Affirm has partnered with more than 1,000 merchants including Wayfair, Casper, Motorola and Expedia. To apply at checkout, select Pay with Affirm. You will then be prompted to enter your name, email address, mobile number, date of birth and the last four digits of your Social Security number. Affirm will send you a text message with an authorization code to verify your identity, which you must enter into the application form. Affirm will perform a soft credit check and notify you within seconds whether you are approved, the loan amount you're approved for, the interest rate, the loan term and your fixed monthly payments. If you want to accept the offer, you must click Confirm Loan to complete the process.

Application Process
Online (at partner website or by creating an account with Affirm)
Time to Get FundsImmediate
Credit Check
  • Soft credit check when you apply
Credit ReportingYes
Cosigners/Co-borrowers Allowed?No

Affirm Virtual Card

Affirm offers a virtual card on its mobile app that can be used for one-time purchases online and in select stores. In order to apply for Affirm's virtual card, you'll need to download its mobile app. Through the app, you'll choose a store where you would like to use Affirm and then enter the purchase amount. For the loan amount, you must round up your purchase to the nearest dollar, including taxes and shipping. You will receive a real-time credit decision, which shows the amount you're approved for and the interest rate. You can then choose your monthly payment plan, and Affirm will automatically put the funds on a one-time-use virtual card.

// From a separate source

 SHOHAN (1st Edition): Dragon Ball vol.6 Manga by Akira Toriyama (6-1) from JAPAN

How Does Affirm Compare to Other Financing Options?

Before you consider Affirm, consider if the following options make more sense for your situation.

Affirm vs. Credit Cards

Most times, using a credit card is a better option compared to Affirm because you can purchase items and repay within the month without incurring interest. Credit cards are similar to Affirm in terms of the types of purchases they are used for such as furniture, travel and electronics. One key difference between these two financing options is that credit cards are a revolving line of credit that should be used as a short-term solution to pay for items or services. Affirm, on the other hand, promotes carrying a balance by encouraging customers to pay for products in monthly installments with interest. Furthermore, credit cards tend to have lower interest rates than Affirm, making it a better option if you do need to carry a balance. Unlike credit cards, Affirm doesn't charge any fees—including late fees. But credit card fees can arguably be seen as incentives to pay on time. Although Affirm won't charge a late fee, it may report any late payments to the credit bureaus, which will hurt your credit score.

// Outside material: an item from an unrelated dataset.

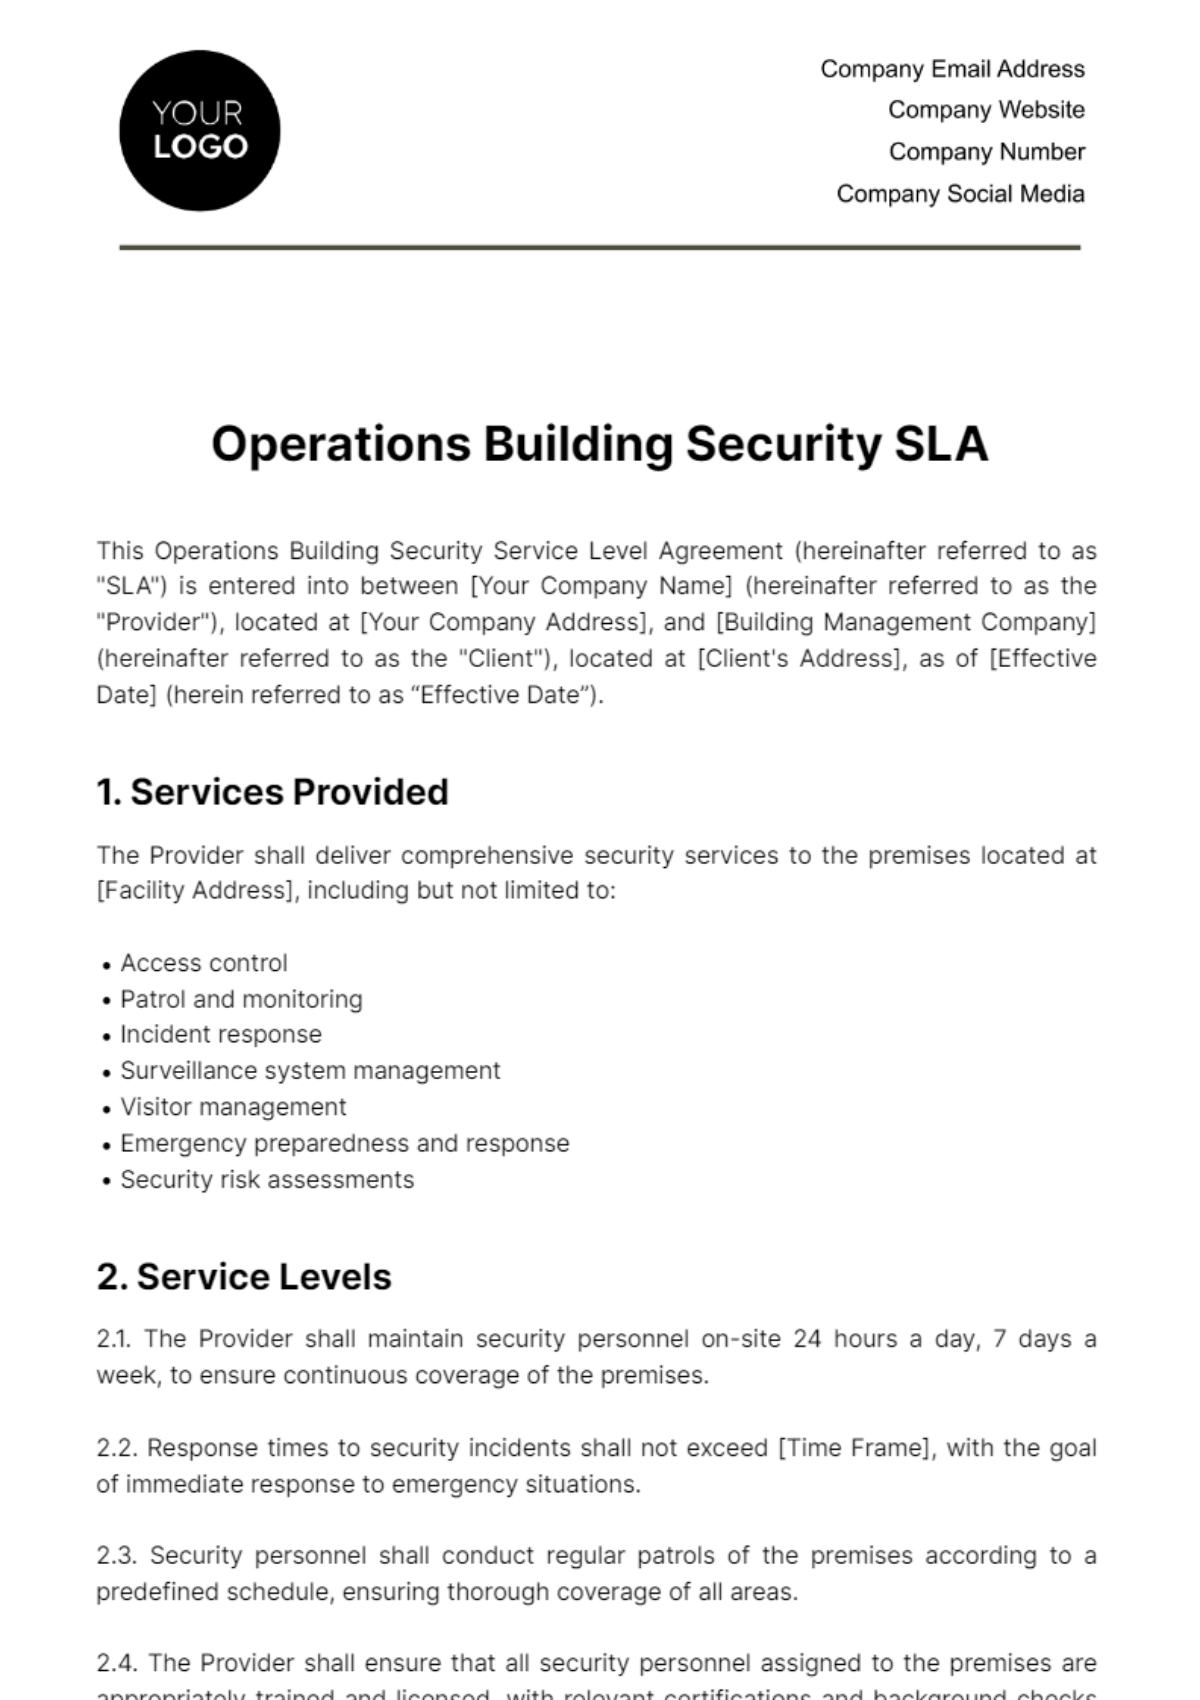 Operations Building Security SLA Template

Affirm vs. Other Personal Loans

If you must use a personal loan to make a big purchase, consider alternative personal loans with lower interest rates. Affirm doesn't exactly function like most personal loans. Generally, personal loans are used for purchases of around $50,000 or more—like large purchases and projects, debt consolidation or medical expenses. In contrast, Affirm can only be used for purchases up to $10,000 from select merchants. Unlike most personal loans, you'll get an immediate loan decision and financing after Affirm verifies your identity and performs a soft credit check. The process for other personal loans usually takes about a week and includes both a soft and hard credit check. However, many other personal loans have lower interest rates than both Affirm and credit cards.